Leakage-Resilient and Lightweight Authenticated Key Exchange for E-Health

E-Health applications generally involve human users’ privacy information such as identity and medical data. To protect these data, authenticated key exchange (AKE) protocols are provided as an underlying security mechanism in many communication techniques for E-Health application. For example, the international communication standard for wireless body area network (WBAN), i.e. IEEE S02.15.6, provides a number of AKE protocols for different E-Health scenarios; the Bluetooth specification 5.0 also defines four AKE protocols applicable in different applications of E-Health. However, all of these AKE protocols in use cannot resist to the emerging side-channel attacks (also known as leakage attacks). This paper thereby aims to enhance security and privacy in E-Health by designing an AKE protocol which can resist side-channel attacks. In particular, a leakage-resilient AKE protocol is proposed by combining the blinding technique with the Elliptic Curve Diffie-Hellman key exchange protocol (ECDH).

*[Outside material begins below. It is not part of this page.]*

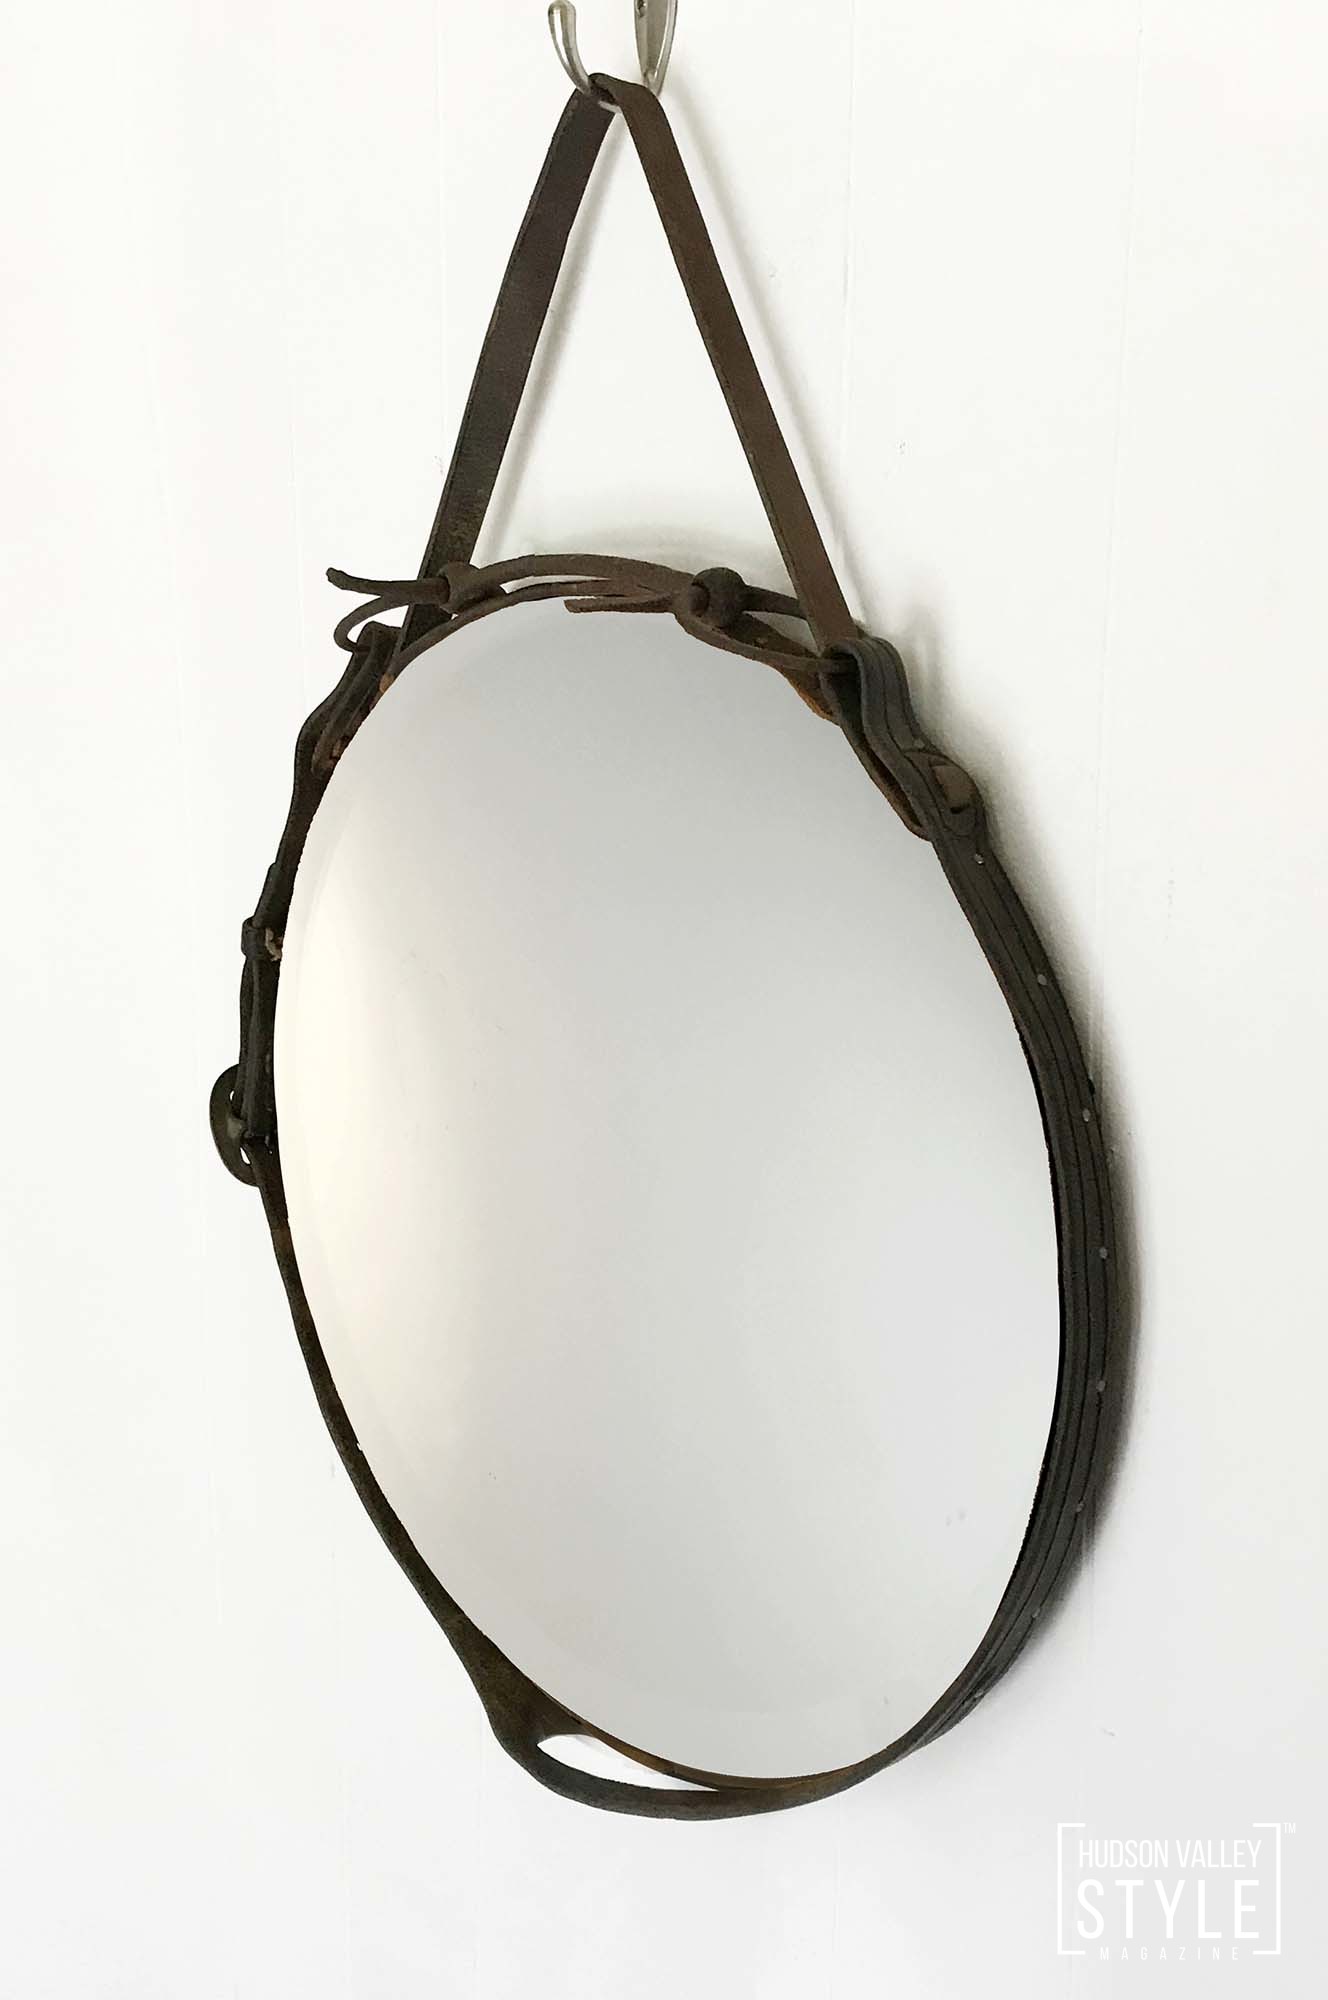 Half-Cheek Curb Bit Equestrian Leather Mirror Hand-tacked vintage bridle leather found in Upstate New York. Mirror hangs from a black iron half-cheek curb horse bit. Dimensions: 16.5” diameter x 1.25” deep. Snaffle bit cheek pieces extend approximately 2.5” from the front of the mirror frame. Leather hanging strap extends approximately 4.5" from the top of the mirror frame. $155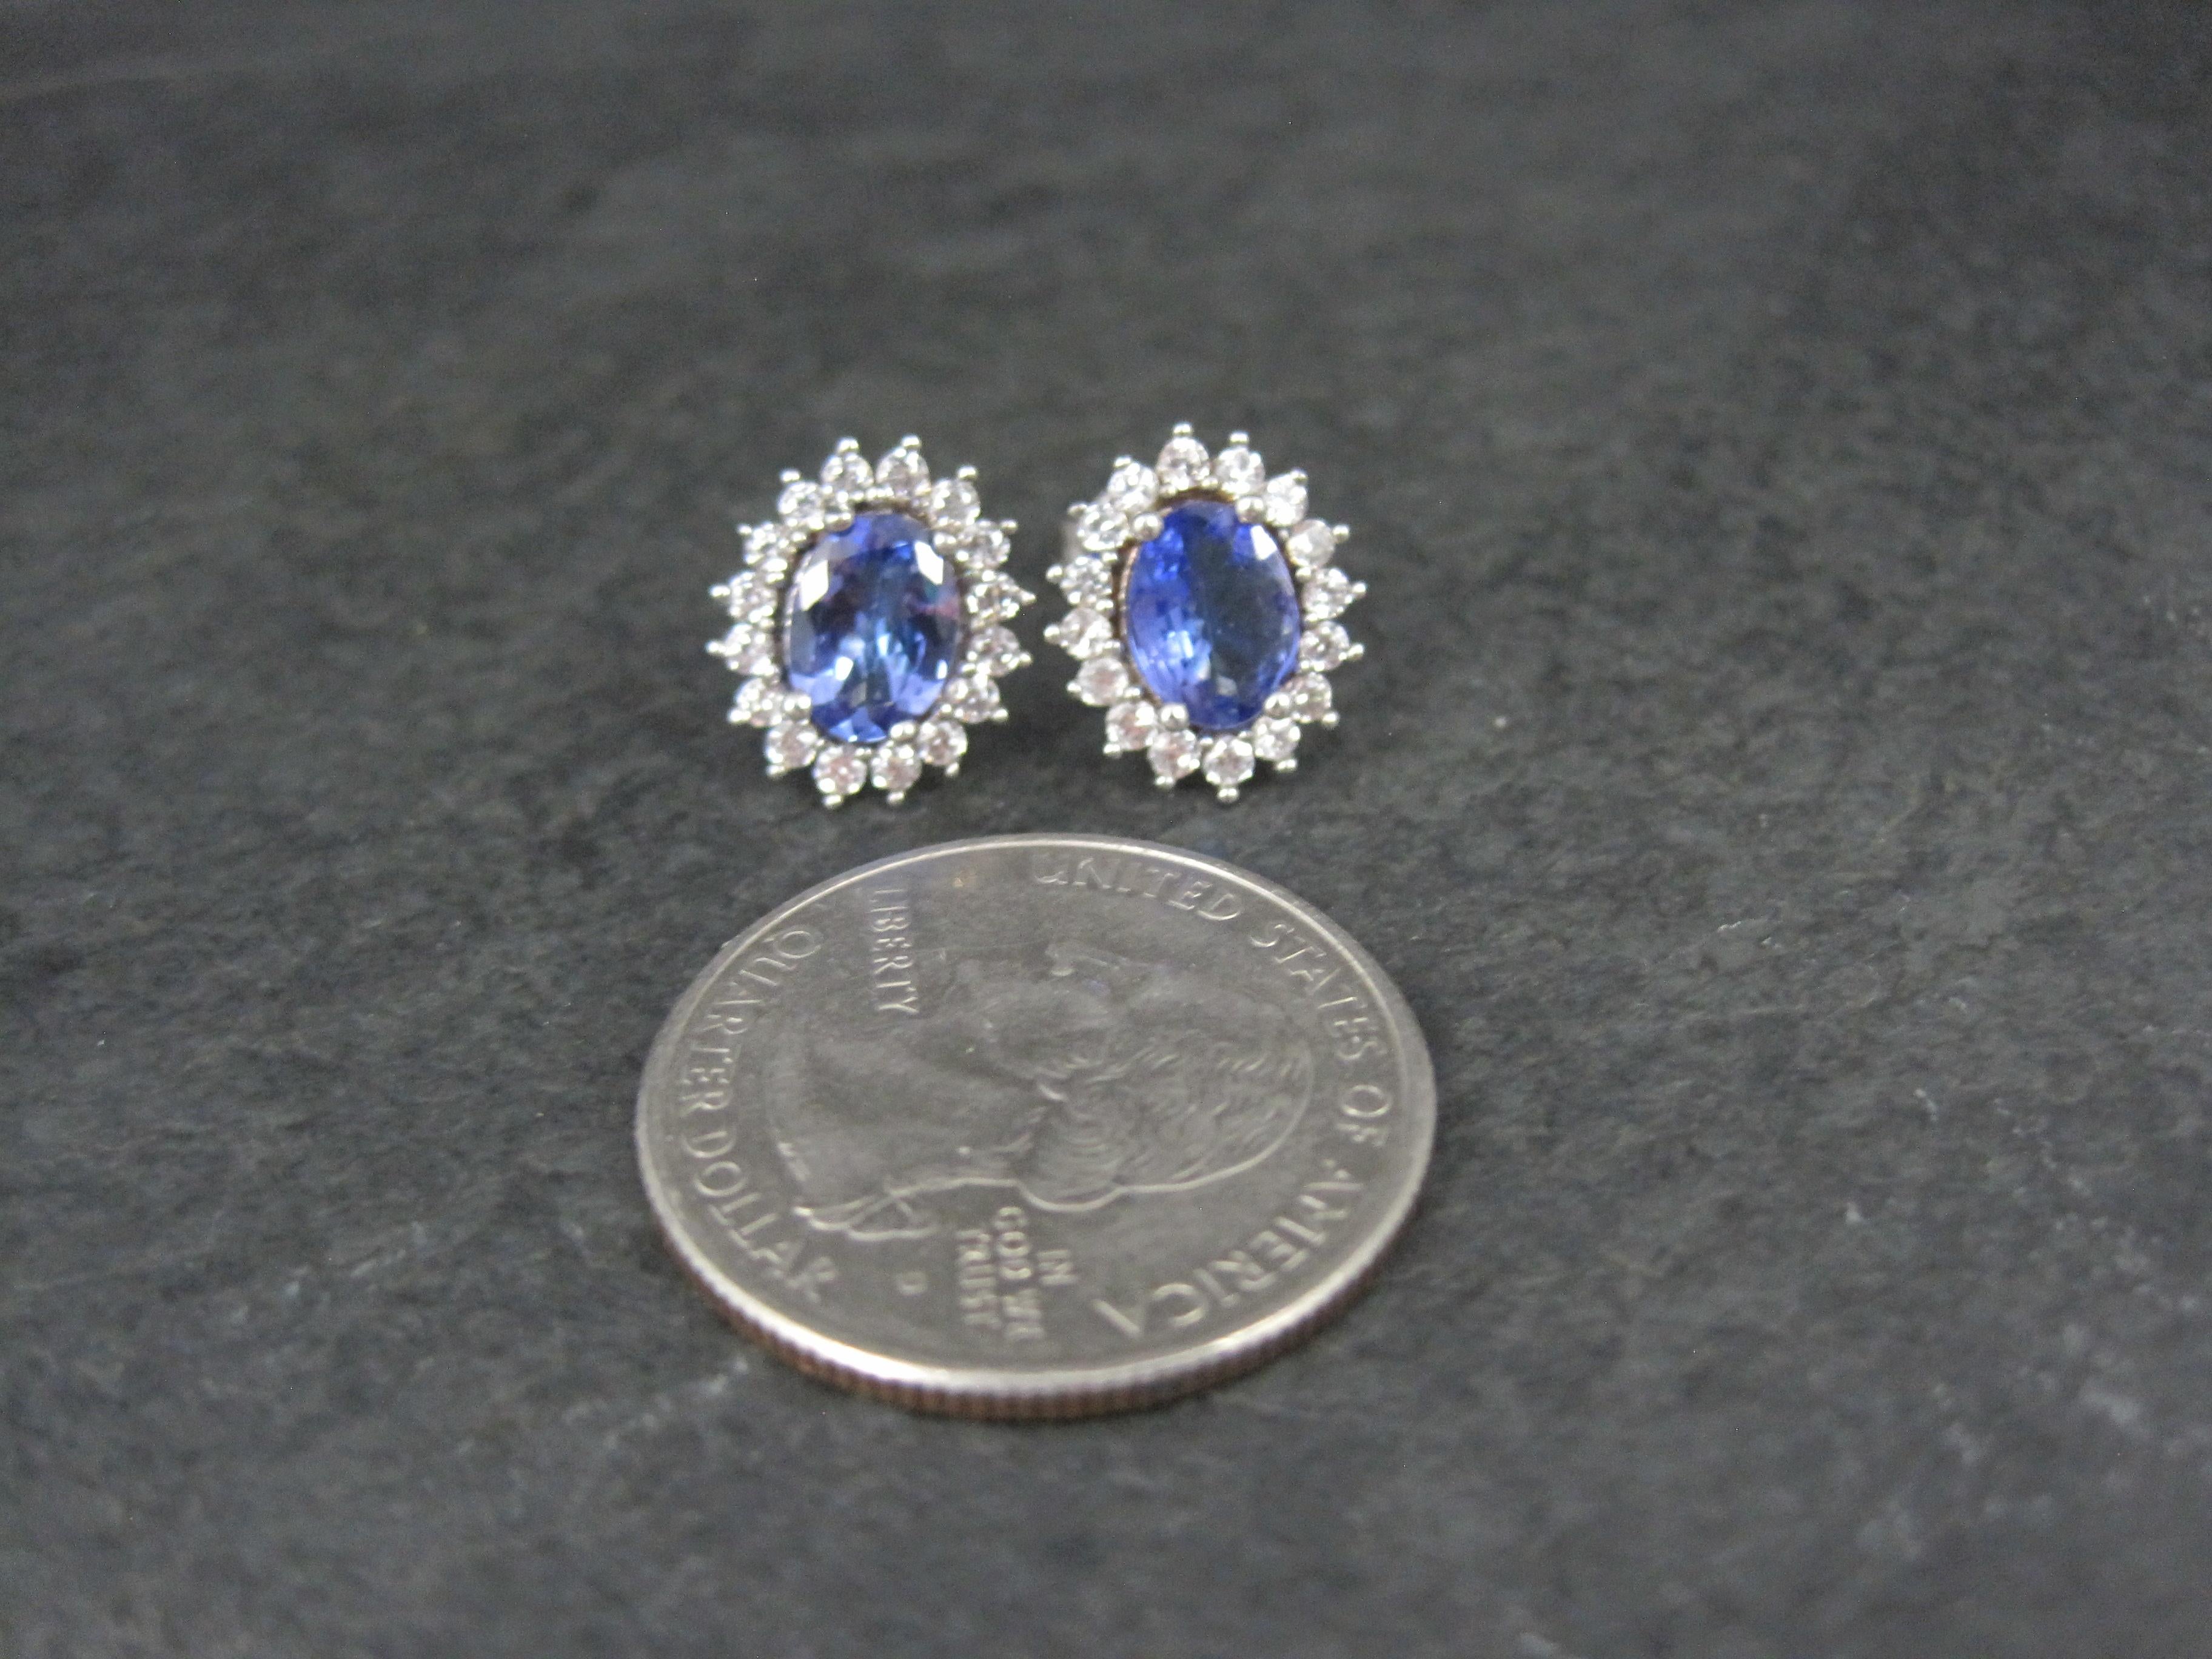 Oval Cut Tanzanite and White Spinel Stud Earrings Sterling Silver For Sale

In addition, to make the protocol friendlier to capability-limited nodes such as medical devices which are widely used in E-Health applications, we transfer some time-consuming computations from a limited node to its communicating partner which is generally more powerful. We also realize a prototype and carry out a series of experiments to study its performance. The proposed AKE protocol has stronger security and higher efficiency than similar protocols in IEEE 802.15.6 and Bluetooth 5.0.